§ WHAT YOU HAVE TO DO
Look in the data below for the line that has "Iowa lawmakers have", then print exactly every line from there through the line that has "Lot-(3) Drilled and", leaving pictures out.

##### DATA SHOWN

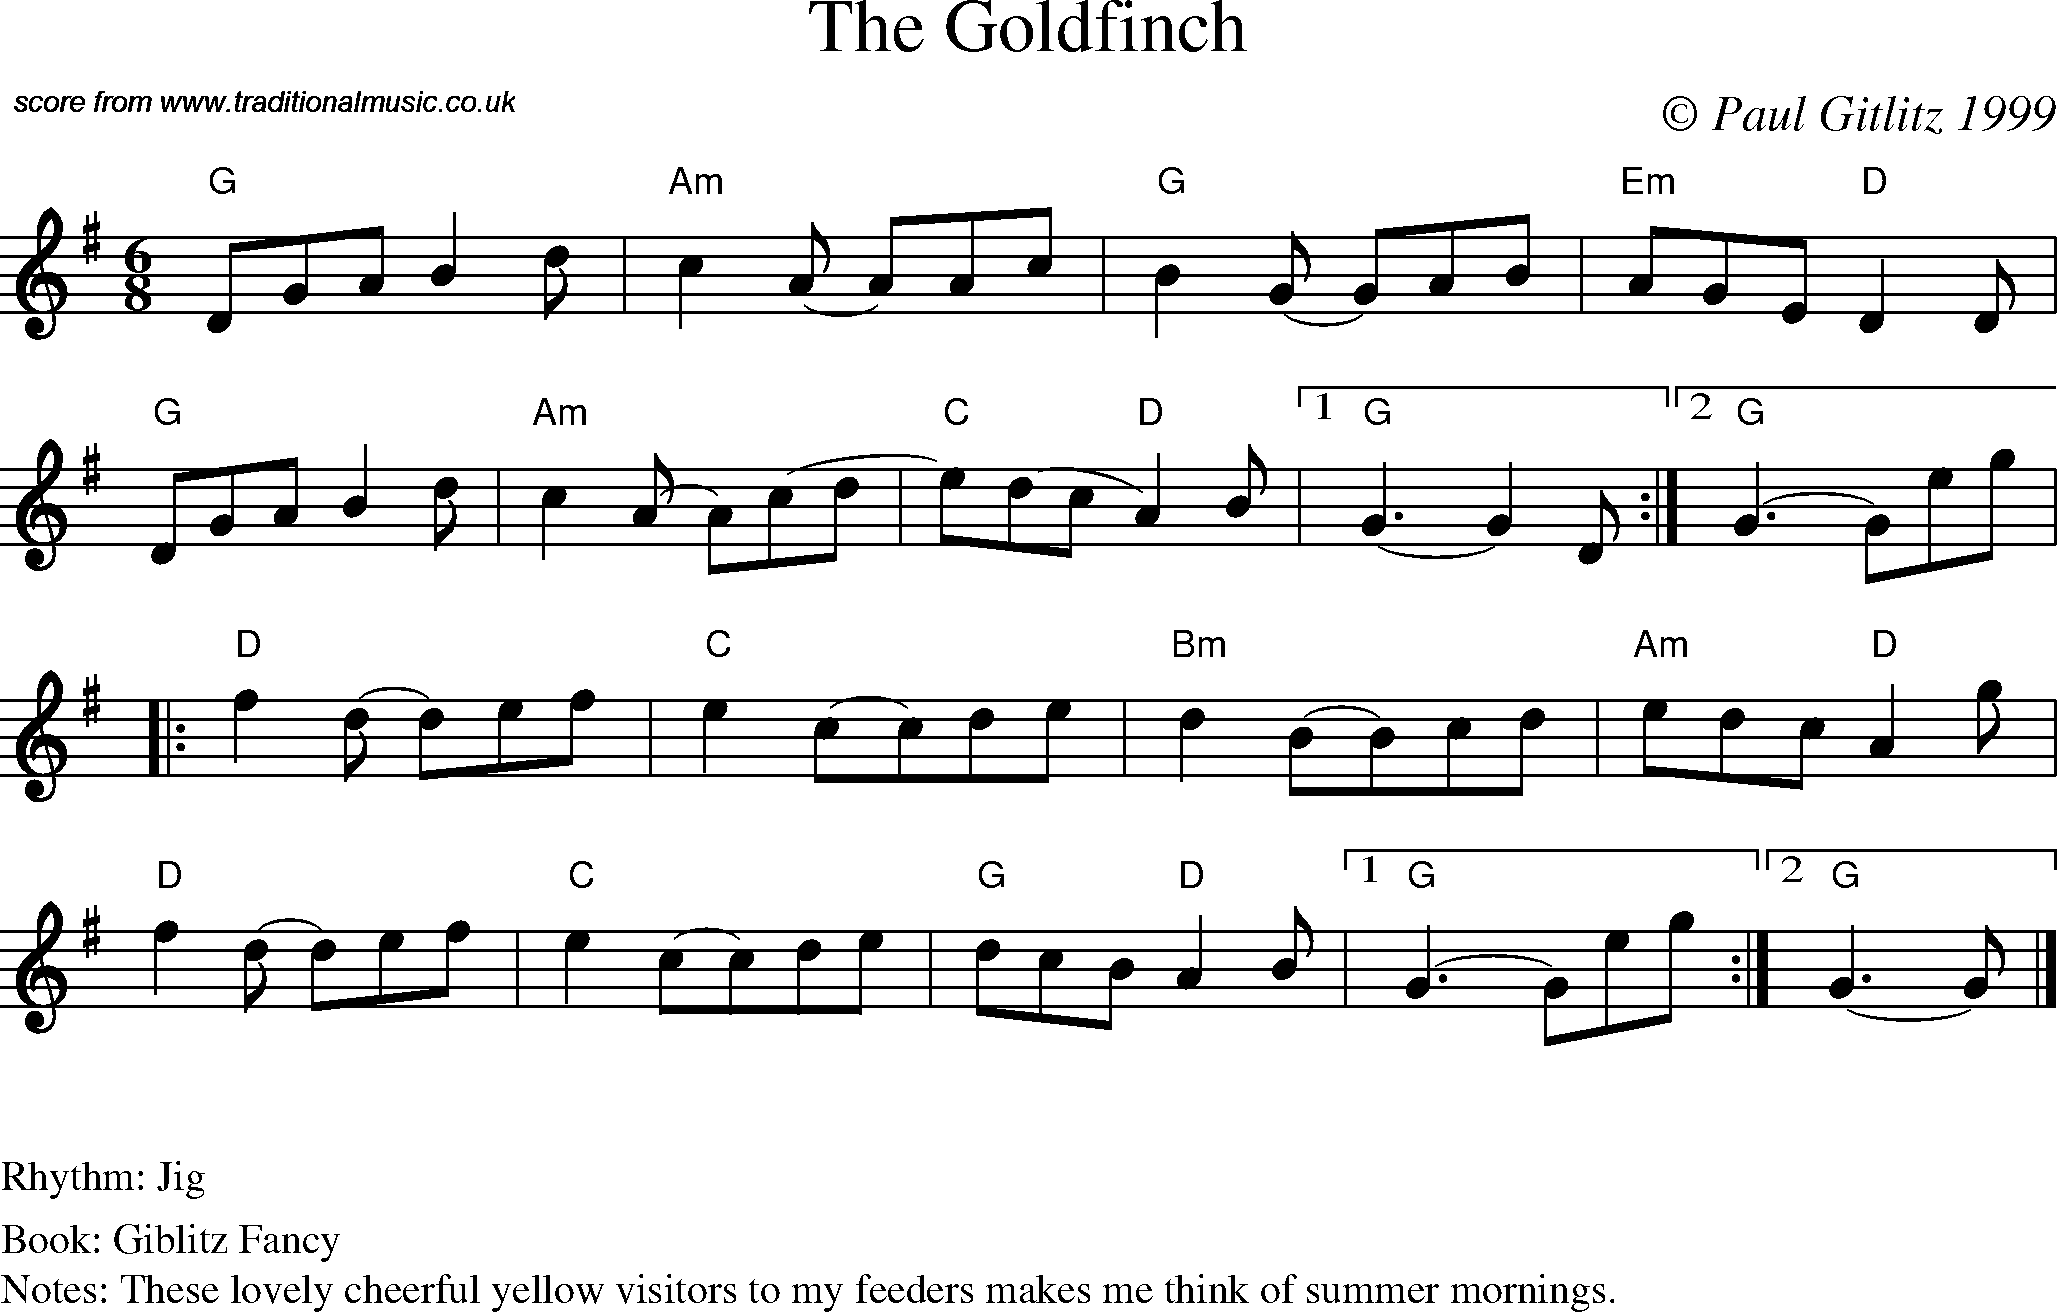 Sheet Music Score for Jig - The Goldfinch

##########
##### DATA SHOWN

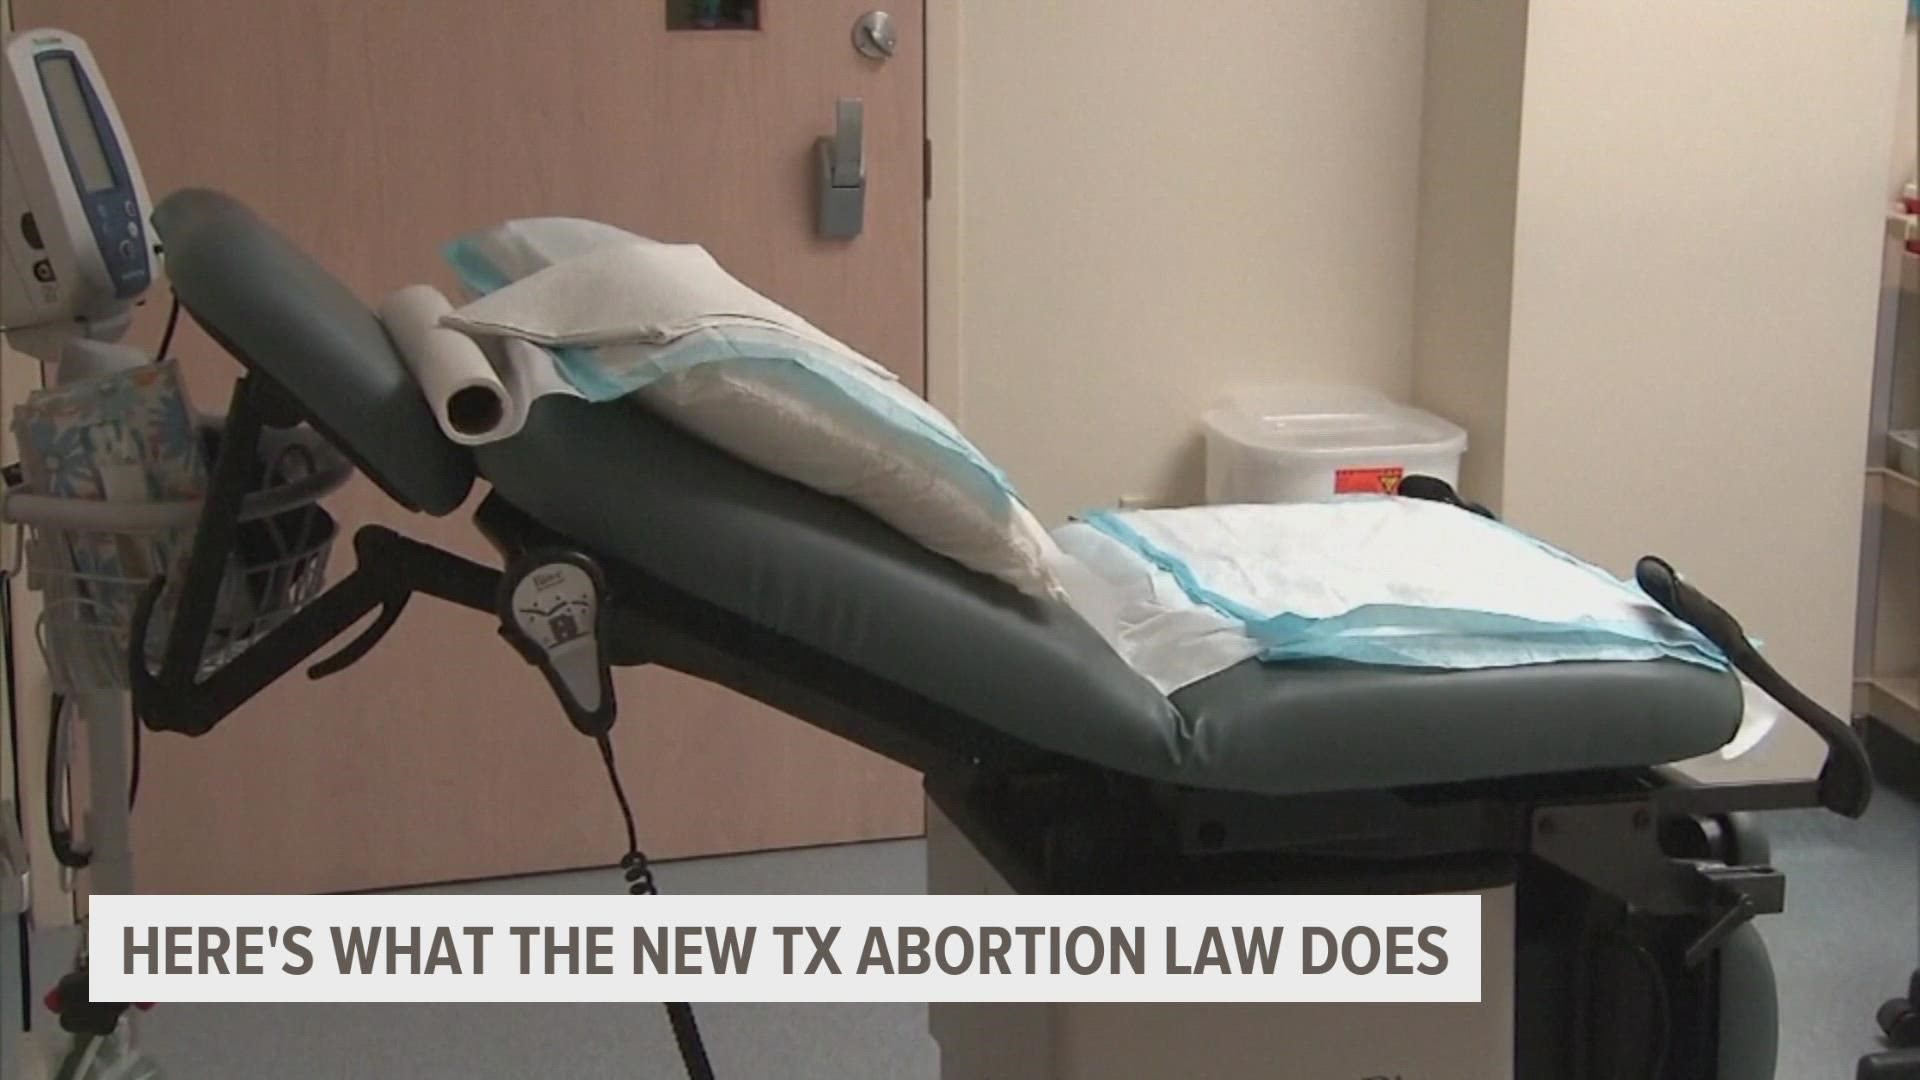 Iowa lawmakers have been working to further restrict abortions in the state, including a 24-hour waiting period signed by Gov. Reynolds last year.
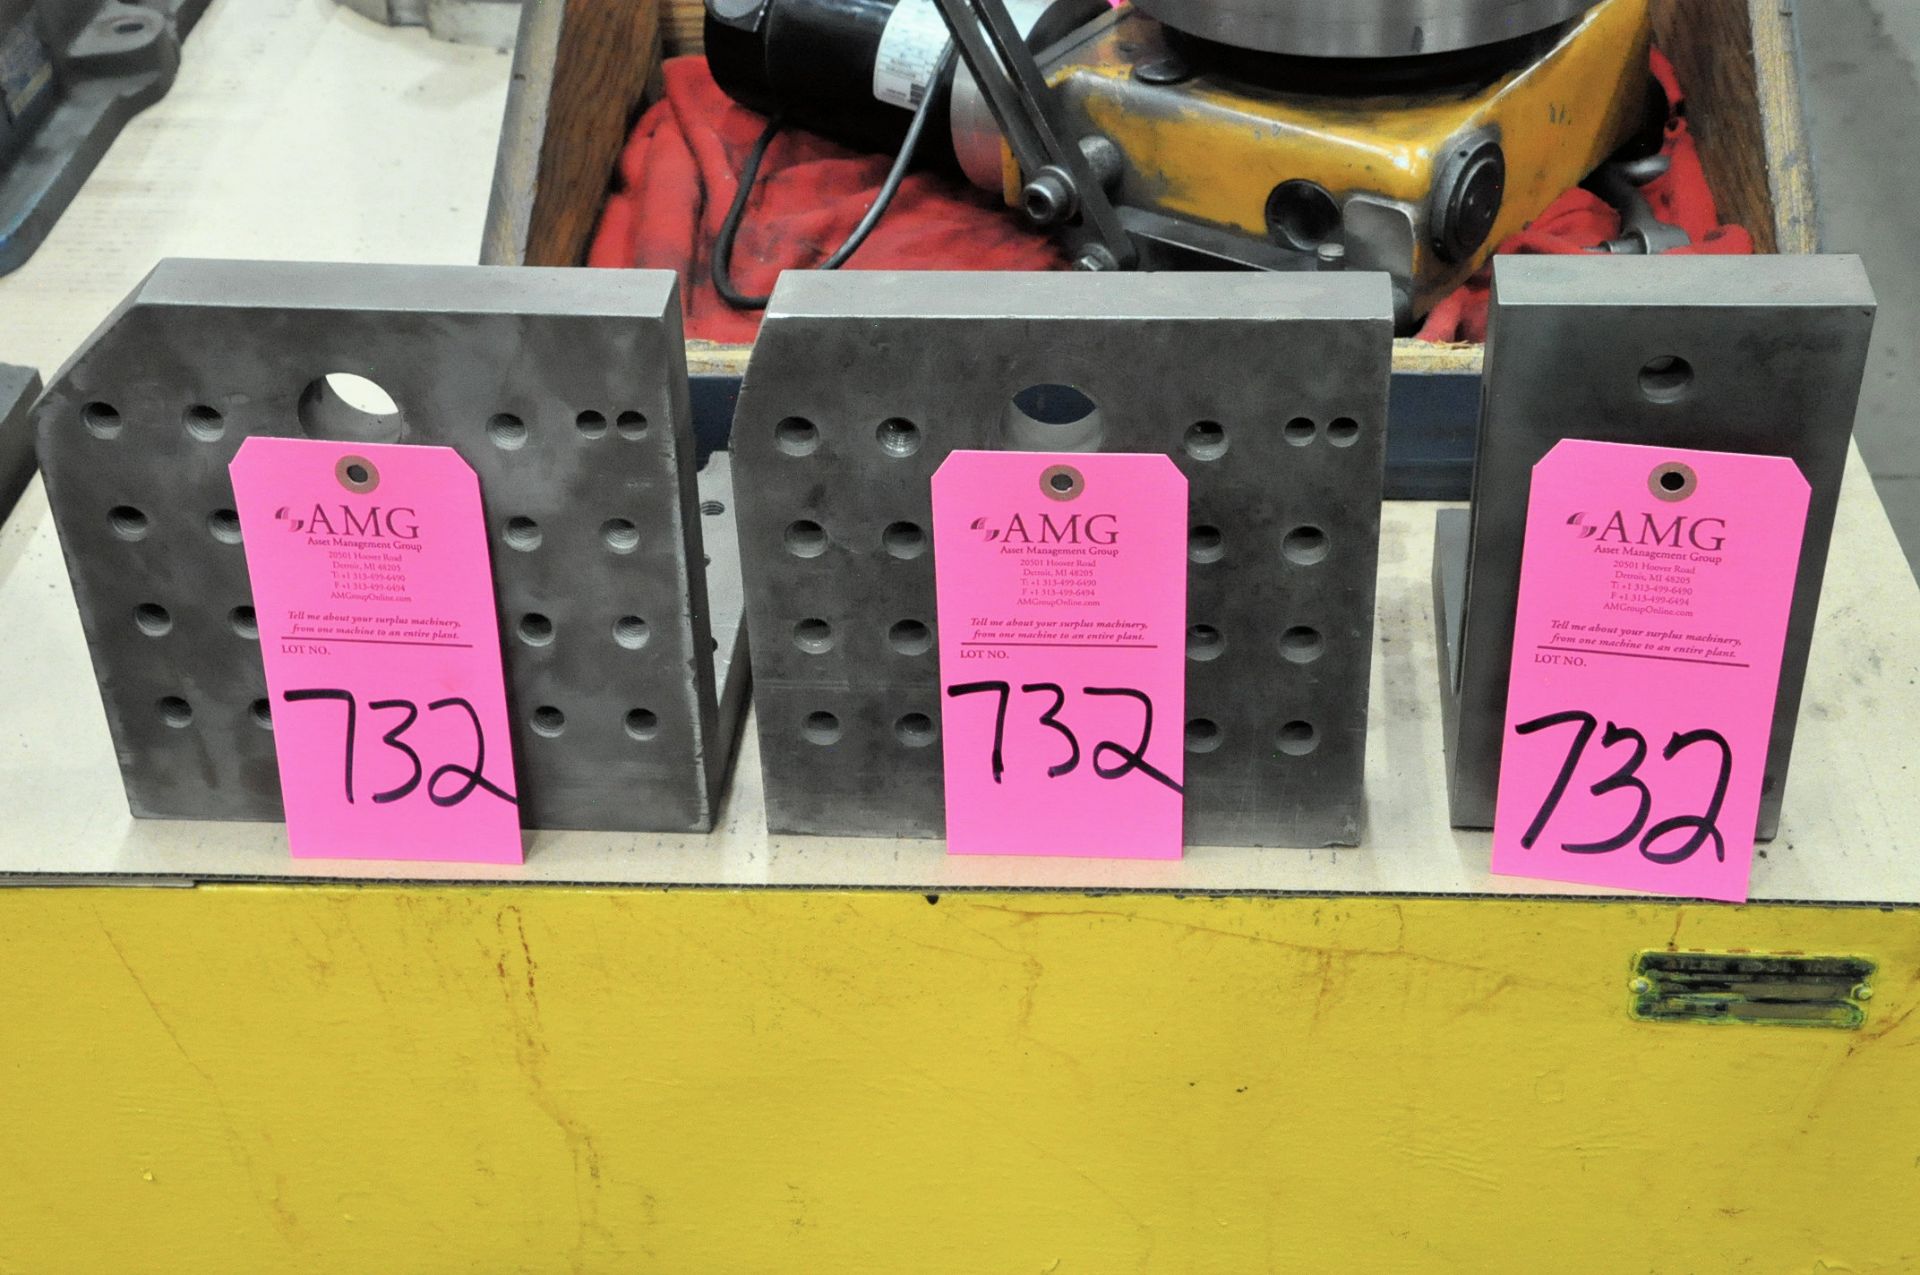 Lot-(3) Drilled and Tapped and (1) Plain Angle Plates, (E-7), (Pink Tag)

##########
##### DATA SHOWN

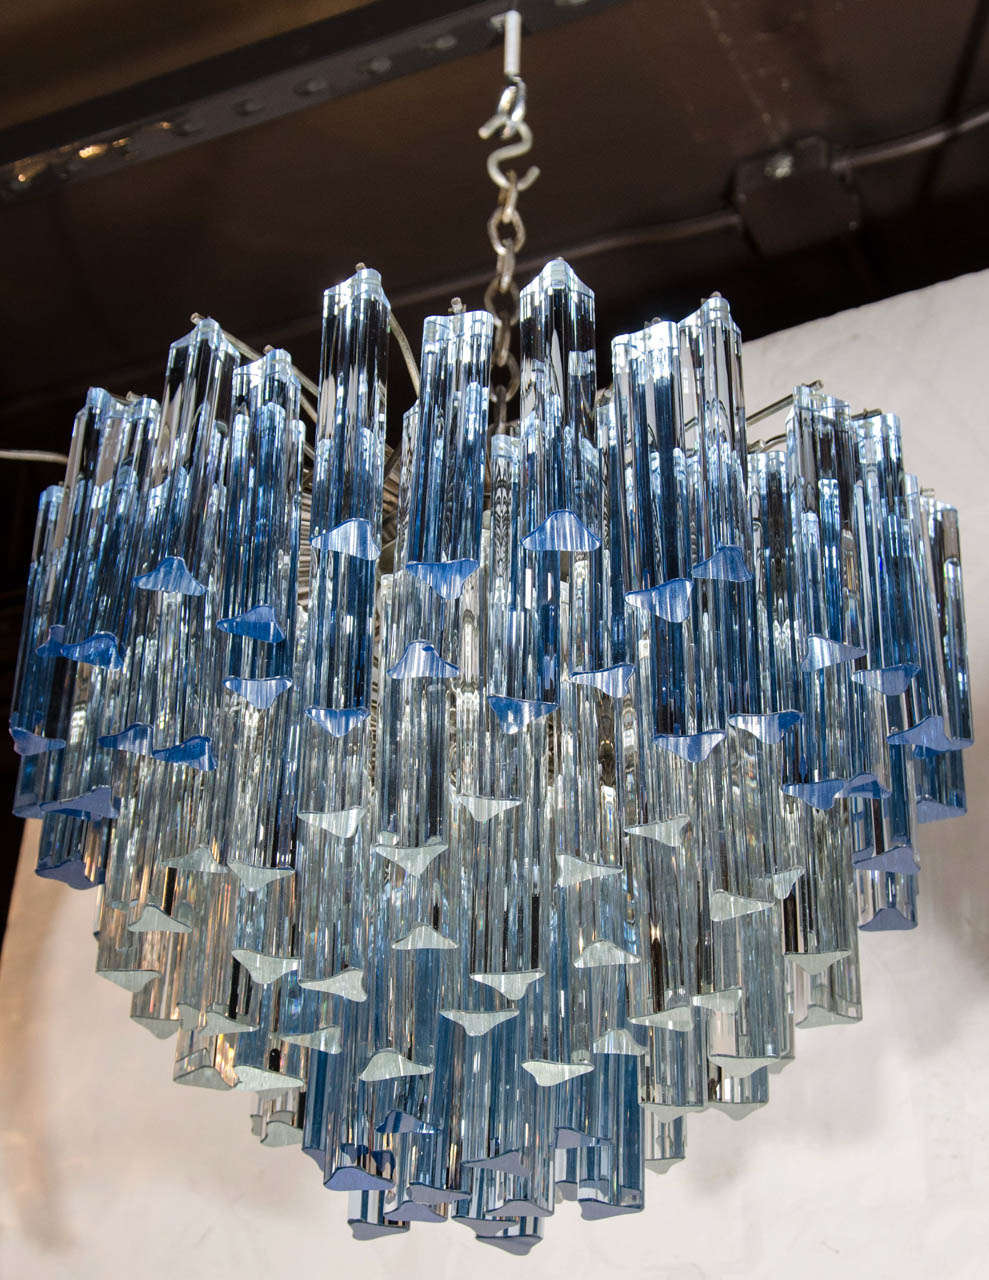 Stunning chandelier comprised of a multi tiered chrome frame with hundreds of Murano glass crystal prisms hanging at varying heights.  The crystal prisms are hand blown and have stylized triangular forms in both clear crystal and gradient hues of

##########

§ ANSWER AREA
 Iowa lawmakers have been working to further restrict abortions in the state, including a 24-hour waiting period signed by Gov. Reynolds last year.
 Lot-(3) Drilled and Tapped and (1) Plain Angle Plates, (E-7), (Pink Tag)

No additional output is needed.